» **Available data**
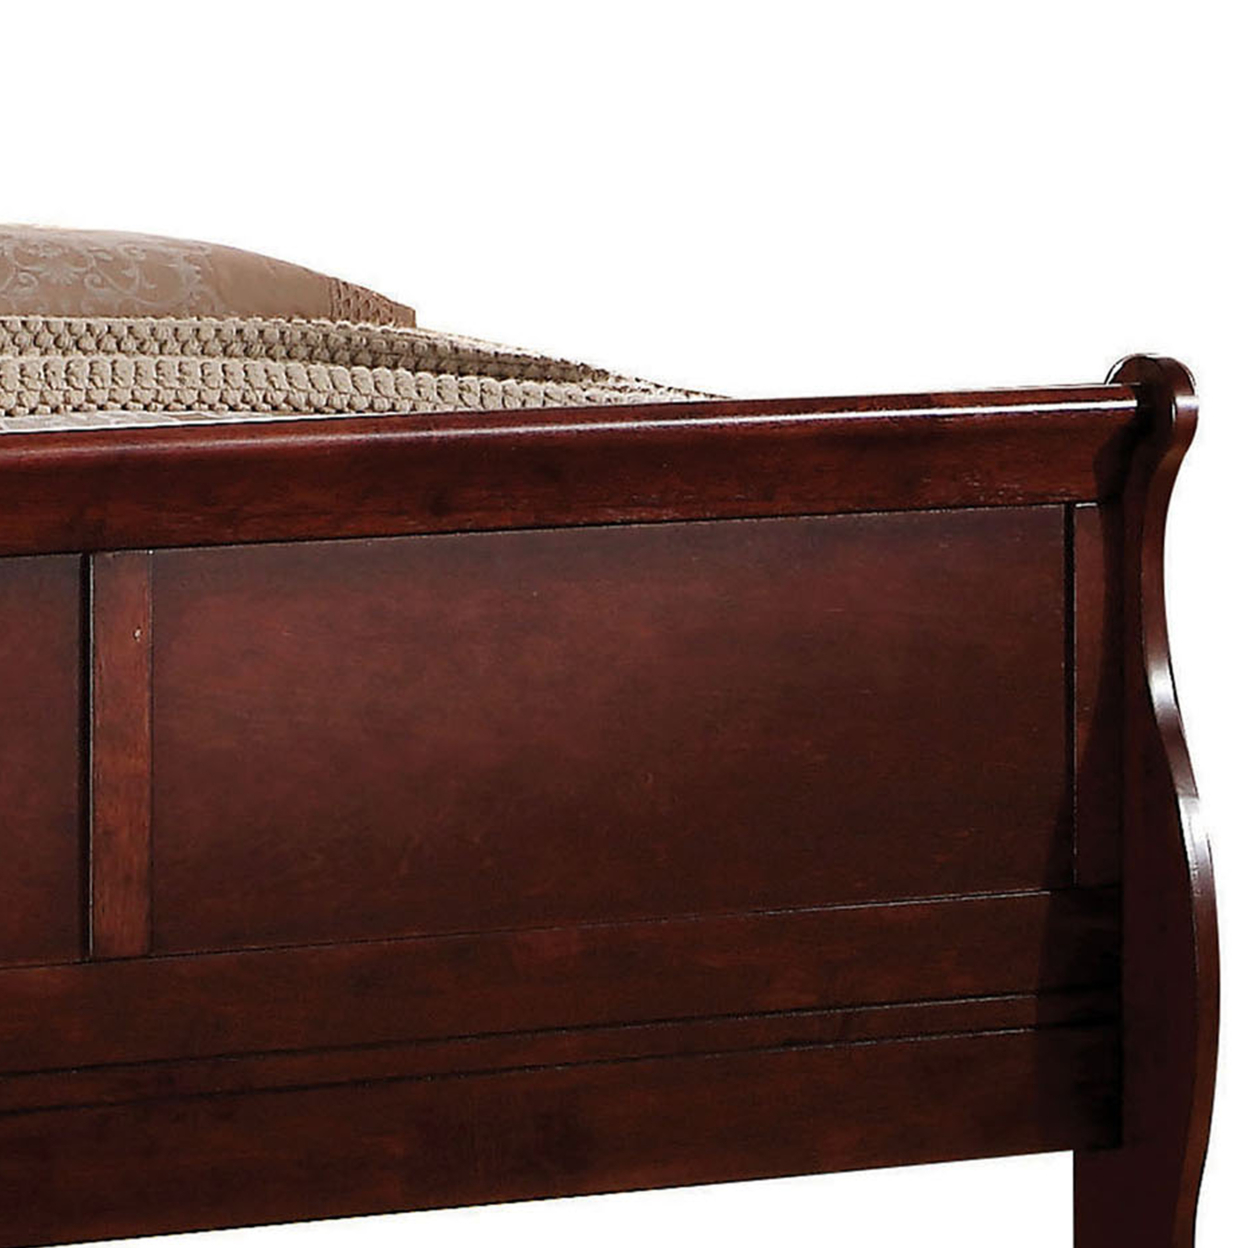 Transitional Panel Design Sleigh Full Size Bed, Cherry Brown- Saltoro Sherpi
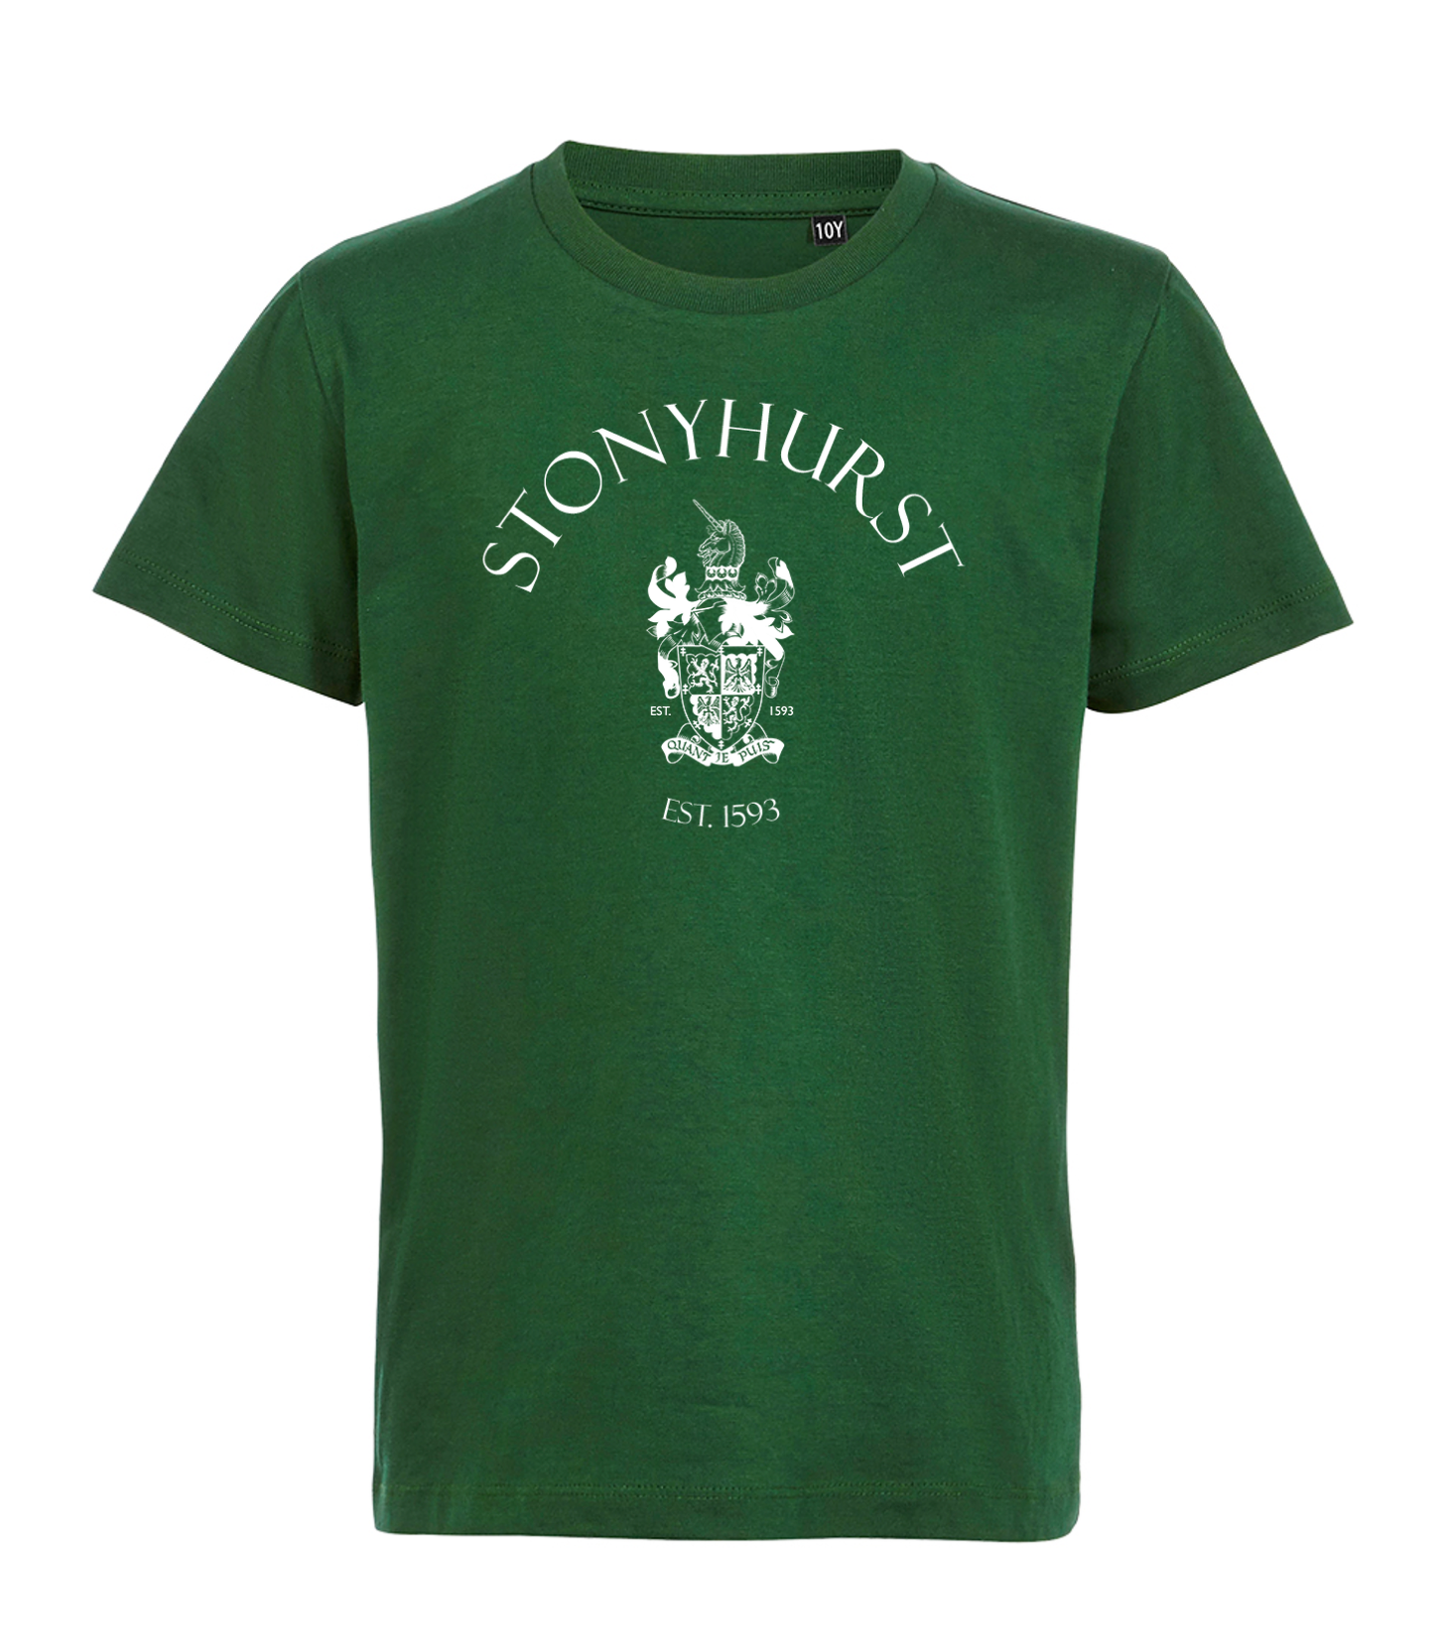 Stonyhurst White Logo Green Organic T-Shirt (Childrens)
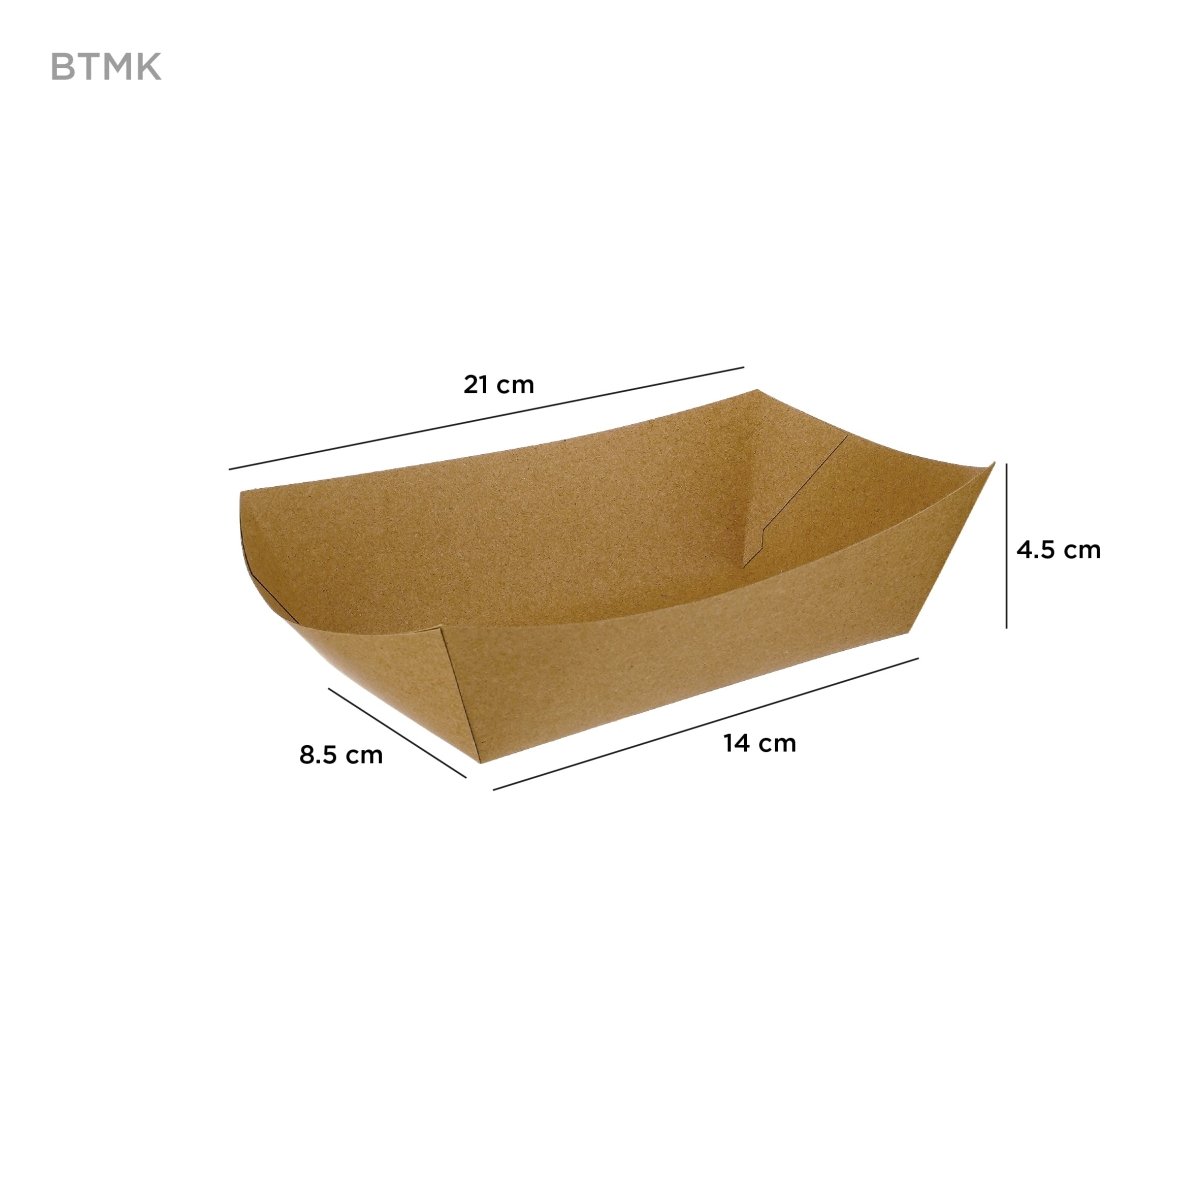 Kraft Paper Boat Tray - hotpackwebstore.com - Paper Trays

» **Task to complete**
Exclude the images and reproduce the remaining data exactly.

» **Task output**
 Transitional Panel Design Sleigh Full Size Bed, Cherry Brown- Saltoro Sherpi
 Stonyhurst White Logo Green Organic T-Shirt (Childrens)
 Kraft Paper Boat Tray - hotpackwebstore.com - Paper Trays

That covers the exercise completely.